January 12, 2012 | Sariel Har-Peled, Piotr Indyk, Rajeev Motwani
This paper presents two algorithms for the approximate nearest neighbor problem in high-dimensional spaces. The algorithms require space that is polynomial in the number of data points $ n $ and the dimension $ d $, while achieving query times that are sub-linear in $ n $ and polynomial in $ d $. The results are applied to other high-dimensional geometric problems, such as the approximate minimum spanning tree.
The nearest neighbor (NN) problem involves finding the point in a set $ P $ that is closest to a query point $ q $. In high-dimensional spaces, traditional algorithms become inefficient due to the "curse of dimensionality," where space and time requirements grow exponentially with the dimension. The paper addresses this by introducing approximate nearest neighbor algorithms that allow for a certain error margin, enabling efficient solutions even in high dimensions.
The first algorithm provides a deterministic data structure for $ (1+\gamma)(1+\epsilon) $-NN queries with space and preprocessing time bounded by $ O(n \log^2 n) \times O(1/\epsilon)^d $ and query time $ O(d \log n) $. The second algorithm is a randomized data structure with space subquadratic in $ n $ and query time sub-linear in $ n $, using $ O(dn + n^{1+1/c} \log^2 n \log \log n) $ space and $ O(dn^{1/c} \log^2 n \log \log n) $ query time. These algorithms are based on Locality-Sensitive Hashing.

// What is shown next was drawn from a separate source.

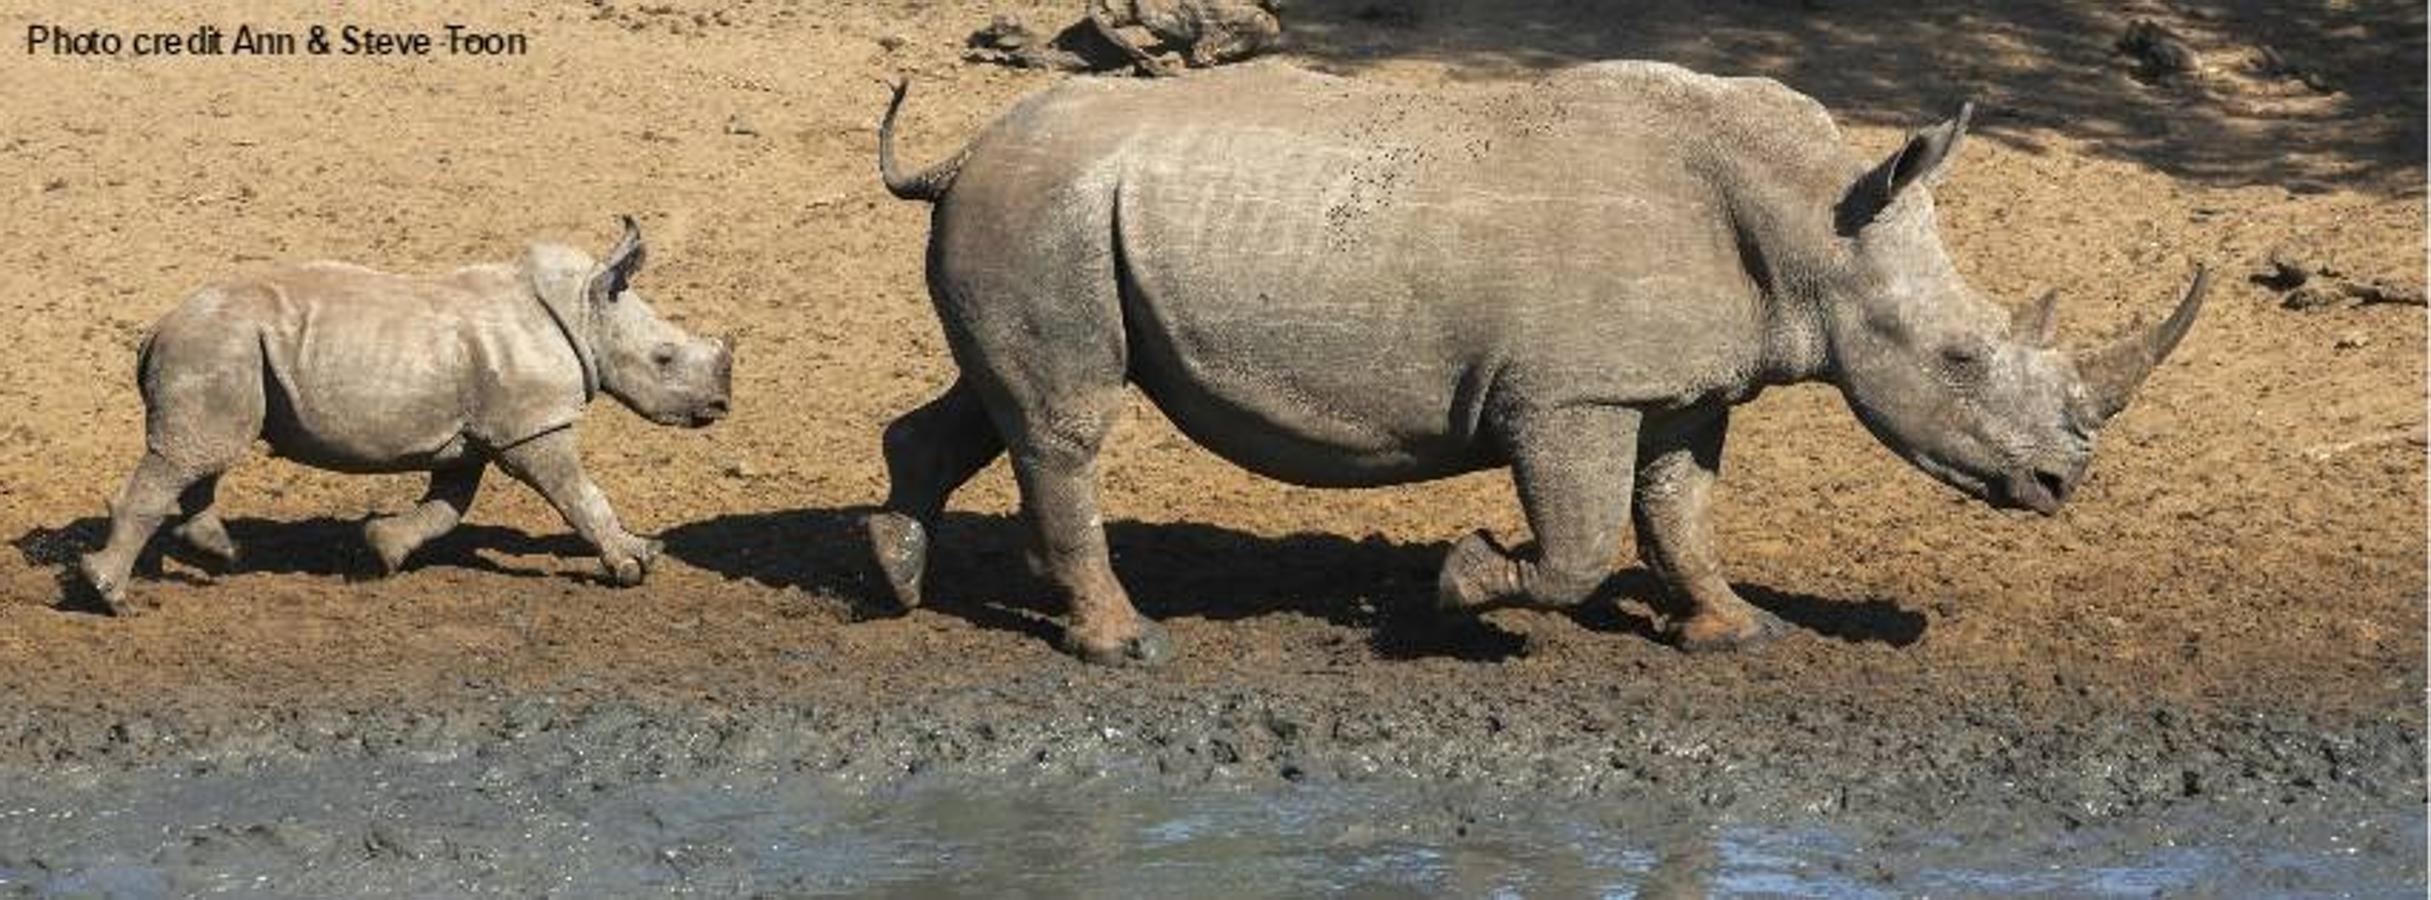 Tres rinocerontes menos cada día. Sudáfrica, que alberga el 79% de los últimos rinocerontes de África, es el país más afectado por el furtivismo, que sufre el 91% de las pérdidas por caza furtiva conocidas en 2016 en el continente.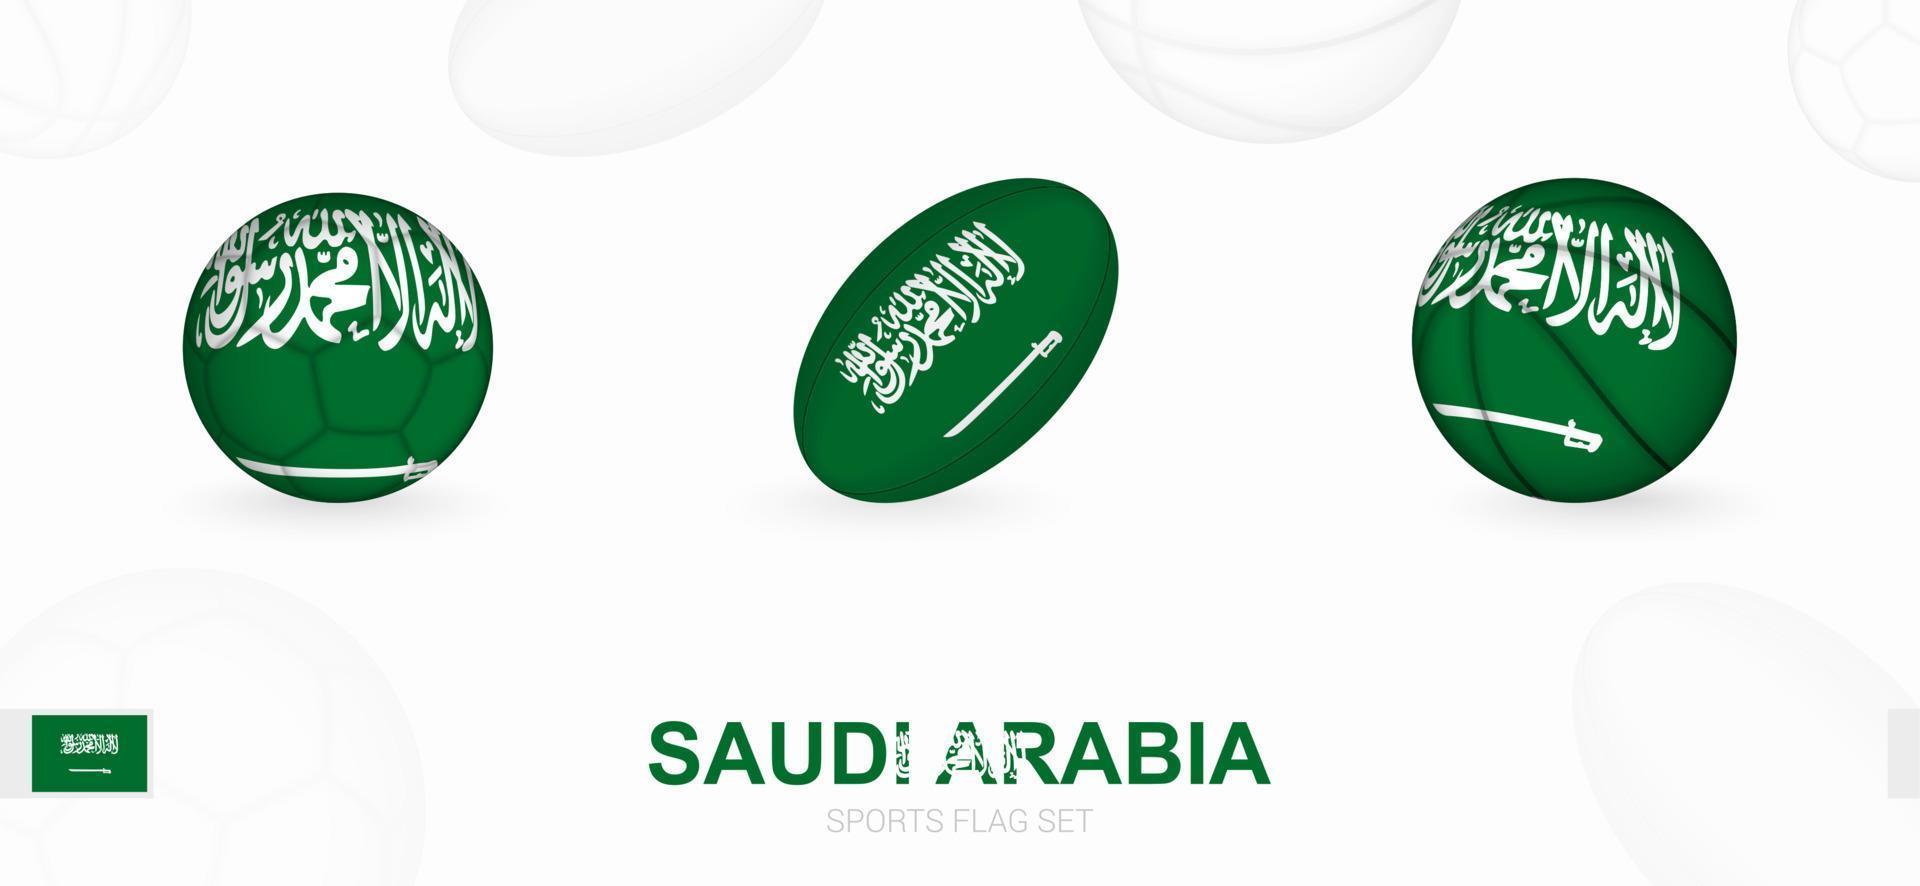 Deportes íconos para fútbol, rugby y baloncesto con el bandera de saudi arabia vector

The results are extended to $ \ell_s $ norms for $ s \in [1,2] $ using an embedding from $ \ell_s^d $ into $ \ell_1^{d'} $, which preserves distances by a factor of $ 1 + \epsilon $. The algorithms are shown to provide efficient approximate Voronoi decompositions and are used to solve other proximity problems, such as the approximate minimum spanning tree (MST).
The paper also discusses related work, including prior algorithms for approximate nearest neighbor, and presents a reduction from the approximate nearest neighbor problem to the near neighbor problem. This reduction is based on a combination of approximate Voronoi decomposition and locality-sensitive hashing. The algorithms are shown to be efficient and practical for high-dimensional data, with the second algorithm being more suitable for practical applications due to its lower space penalty.This paper presents two algorithms for the approximate nearest neighbor problem in high-dimensional spaces. The algorithms require space that is polynomial in the number of data points $ n $ and the dimension $ d $, while achieving query times that are sub-linear in $ n $ and polynomial in $ d $. The results are applied to other high-dimensional geometric problems, such as the approximate minimum spanning tree.
The nearest neighbor (NN) problem involves finding the point in a set $ P $ that is closest to a query point $ q $. In high-dimensional spaces, traditional algorithms become inefficient due to the "curse of dimensionality," where space and time requirements grow exponentially with the dimension. The paper addresses this by introducing approximate nearest neighbor algorithms that allow for a certain error margin, enabling efficient solutions even in high dimensions.
The first algorithm provides a deterministic data structure for $ (1+\gamma)(1+\epsilon) $-NN queries with space and preprocessing time bounded by $ O(n \log^2 n) \times O(1/\epsilon)^d $ and query time $ O(d \log n) $. The second algorithm is a randomized data structure with space subquadratic in $ n $ and query time sub-linear in $ n $, using $ O(dn + n^{1+1/c} \log^2 n \log \log n) $ space and $ O(dn^{1/c} \log^2 n \log \log n) $ query time. These algorithms are based on Locality-Sensitive Hashing.
The results are extended to $ \ell_s $ norms for $ s \in [1,2] $ using an embedding from $ \ell_s^d $ into $ \ell_1^{d'} $, which preserves distances by a factor of $ 1 + \epsilon $. The algorithms are shown to provide efficient approximate Voronoi decompositions and are used to solve other proximity problems, such as the approximate minimum spanning tree (MST).
The paper also discusses related work, including prior algorithms for approximate nearest neighbor, and presents a reduction from the approximate nearest neighbor problem to the near neighbor problem. This reduction is based on a combination of approximate Voronoi decomposition and locality-sensitive hashing. The algorithms are shown to be efficient and practical for high-dimensional data, with the second algorithm being more suitable for practical applications due to its lower space penalty.